The parking lot at the summit of Haleakala Crater in Haleakala National Park on Maui sits at the bottom of Pu’u ‘Ula’ula. It is known as “Haleakala’s Red Hill”, the translation of the name it was given by Hawaii’s ancients many hundreds of years ago. Haleakala’s Red Hill is the actual pinnacle of the mountain, with its highest point of 10,023 feet. Only Mauna Kea on Hawaii Island climbs higher into the sky.
The eastern flank of Pu’u ‘Ula’ula is where people gather every morning to witness the sunrise. Entry to Haleakala National Park before 7:00 a.m. requires a reservation (easily made online). The parking lot at the summit fills with rental vehicles and tour buses each morning before dawn. The two-lane road to get there is a long, winding series of hairpin turns and precipitous vertical drop-offs. We here at the HAT Blog recommend a cup of good Maui-grown and roasted coffee before making the drive.
Spectacular views at Haleakala’s Red Hill
The summit parking lot starts every morning in the actual shadow of Haleakala’s Red Hill, Pu’u ‘Ula’ula. A short, moderate hike takes you around its base and into the rays of the rising sun in the “House of the Sun”, the literal translation of Halekala. There are also many other hiking trails and several cabins throughout the national park and in the massive crater at the summit.

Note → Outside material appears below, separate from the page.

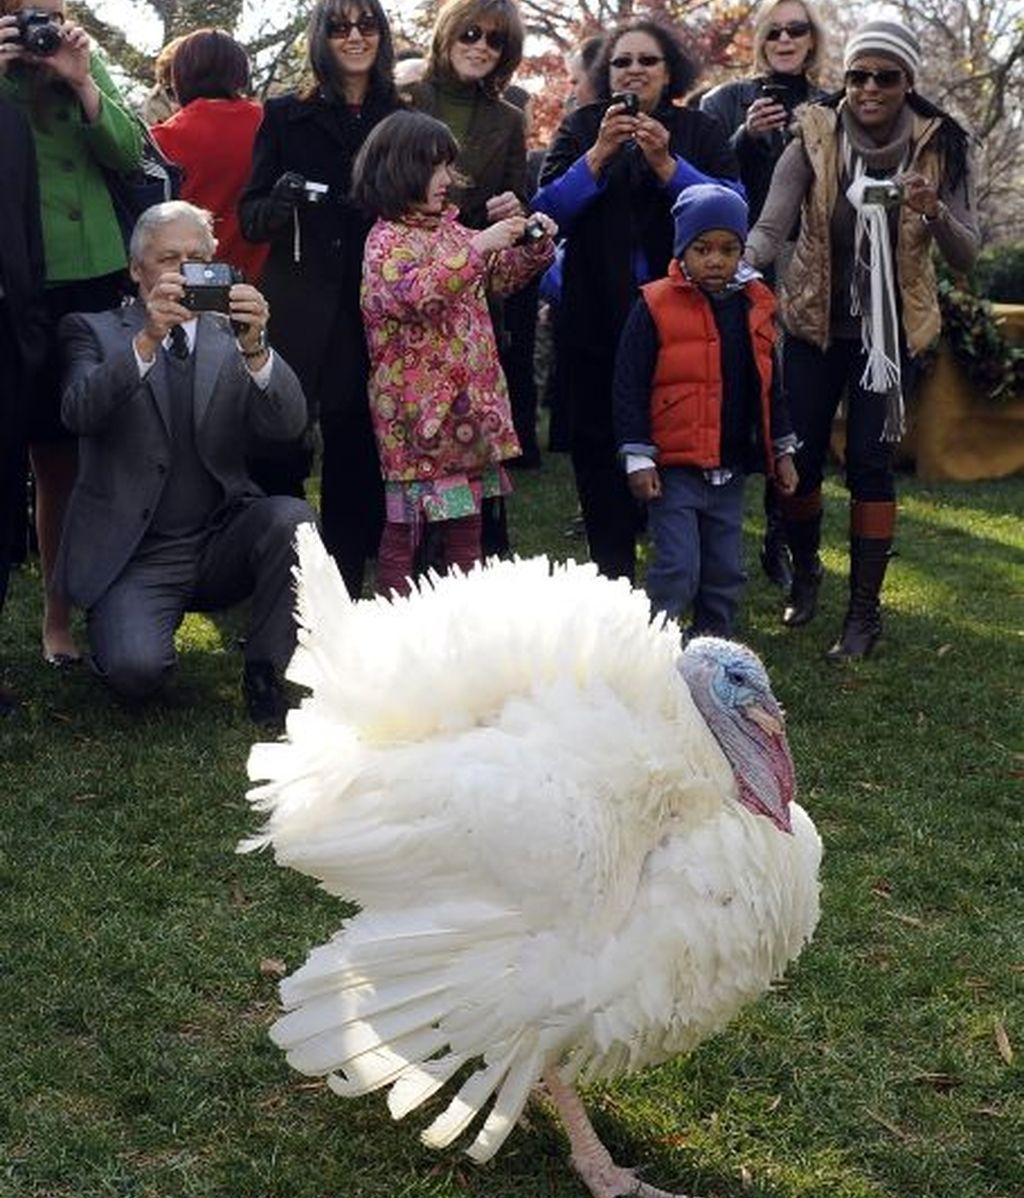 El pavo, agradecido por el indulto, posa para las cámaras
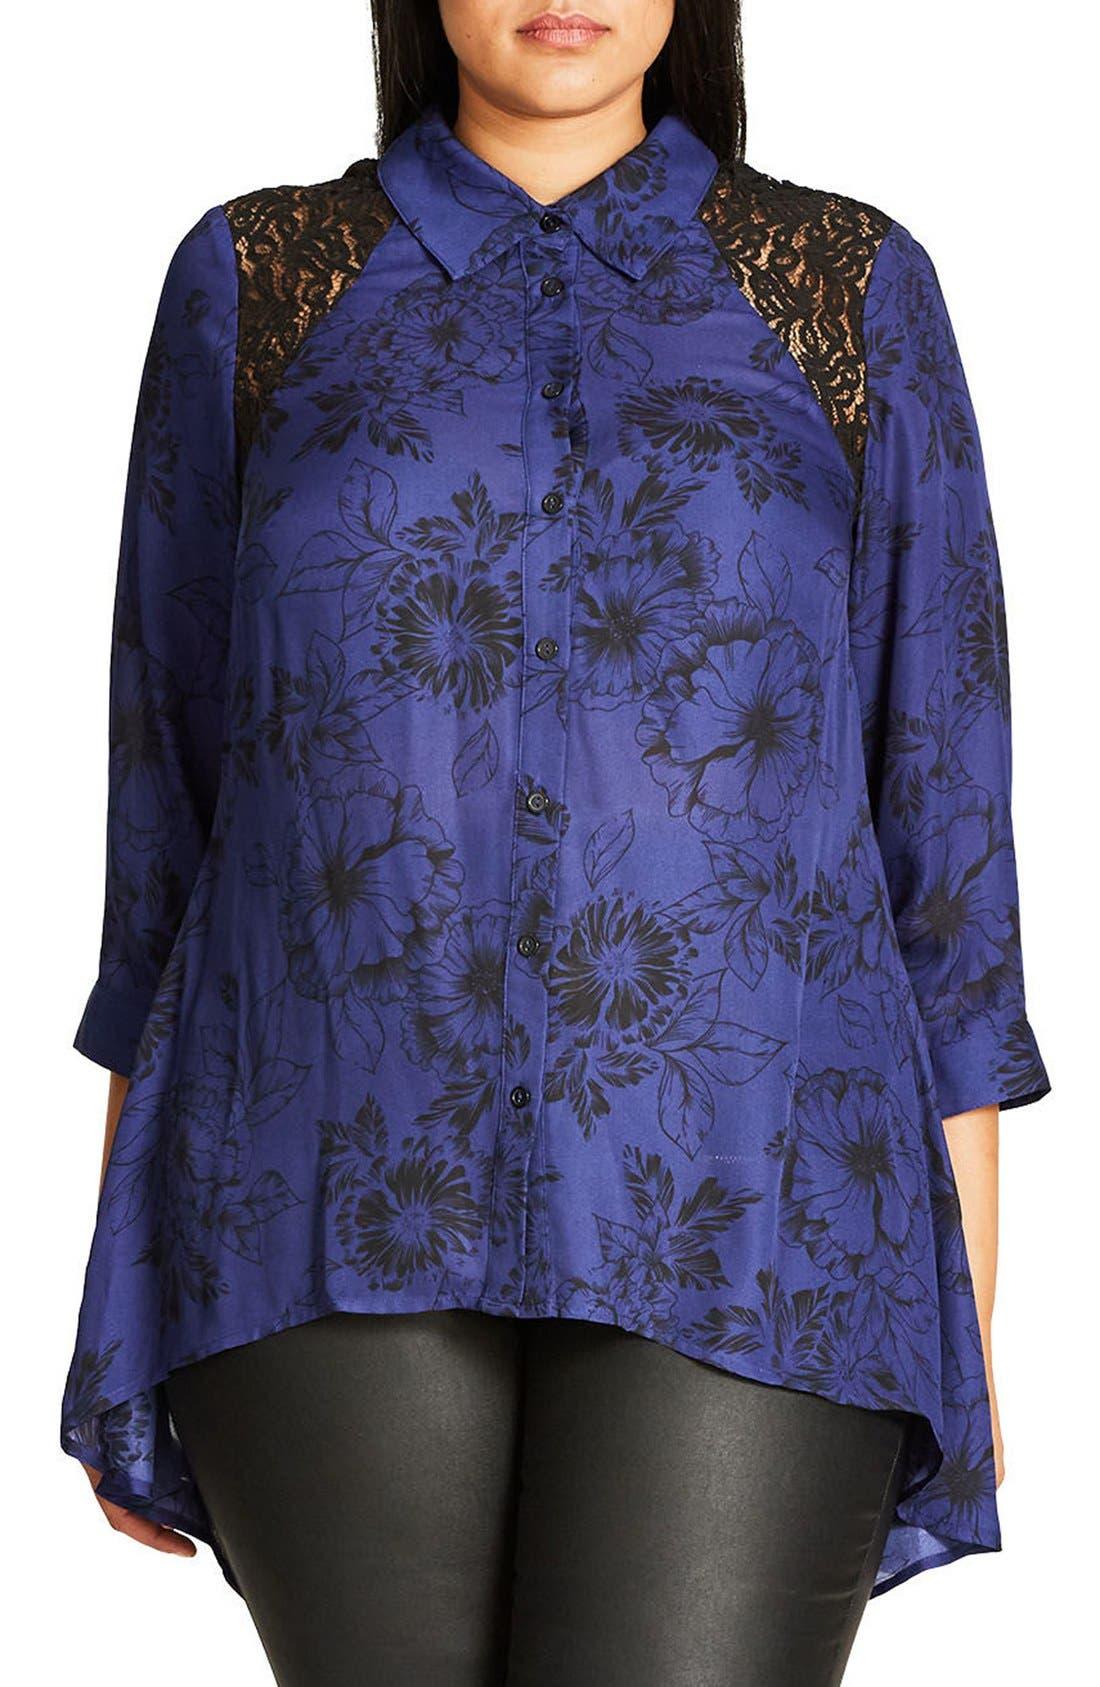 Main Image - City Chic Des Fleurs Back Keyhole Shirt (Plus Size)

As the sun climbs in the sky, it’s easy to understand why Pu’u ‘Ula’ula is known as Haleakala’s Red Hill. Rock cinders from eruptions long ago dominate the landscape at the summit, a rich red sea of spectacular, dramatic views in every direction. At sunrise on a clear day, you can see the giant shadow of Haleakala and Pu’u ‘Ula’ula stretching into the distance to the west. It is a singular and humbling experience of a lifetime. On most days, the peaks of Mauna Kea and Mauna Loa on Hawaii Island are visible to the southeast.
Ancient native Hawaiian legend holds that the demigod Maui lasso-ed the sun from the summit of Haleakala. He convinced the sun to slow its journey across the sky to allow more time for his mother, the goddess Hina, more time to dry her special kapa cloth in the sun. What a good son!
Tips for visitors
There are a couple of important things to know about a trip to Haleakala’s Red Hill at the mountain’s summit. First, it can get dangerously chilly in winter. Occasional dustings of snow are not uncommon. At the same time, the ultraviolet light index can also get dangerously high. Bundle up (kids especially) in the morning and be prepared to stay covered as the sun beats down throughout the day. You’re a lot closer to it at 10,023 feet! The air up there is thin and dry up there, too, so be sure to bring along plenty of water.
Haleakala is home to a variety of rare native plant and animal species, many of which are endangered. Be on the lookout for them and keep your distance.
Also, Haleakala is a sacred ground. Native Hawaiian practitioners worship and conduct ancient ceremonies at multiple sites there. Demonstrate respect for the sanctity of the place and the dignity of the people there for whom Haleakala is more than just a pretty view. National Park Service rangers are not shy about calling out obnoxious or dangerous behavior. Neither are the locals.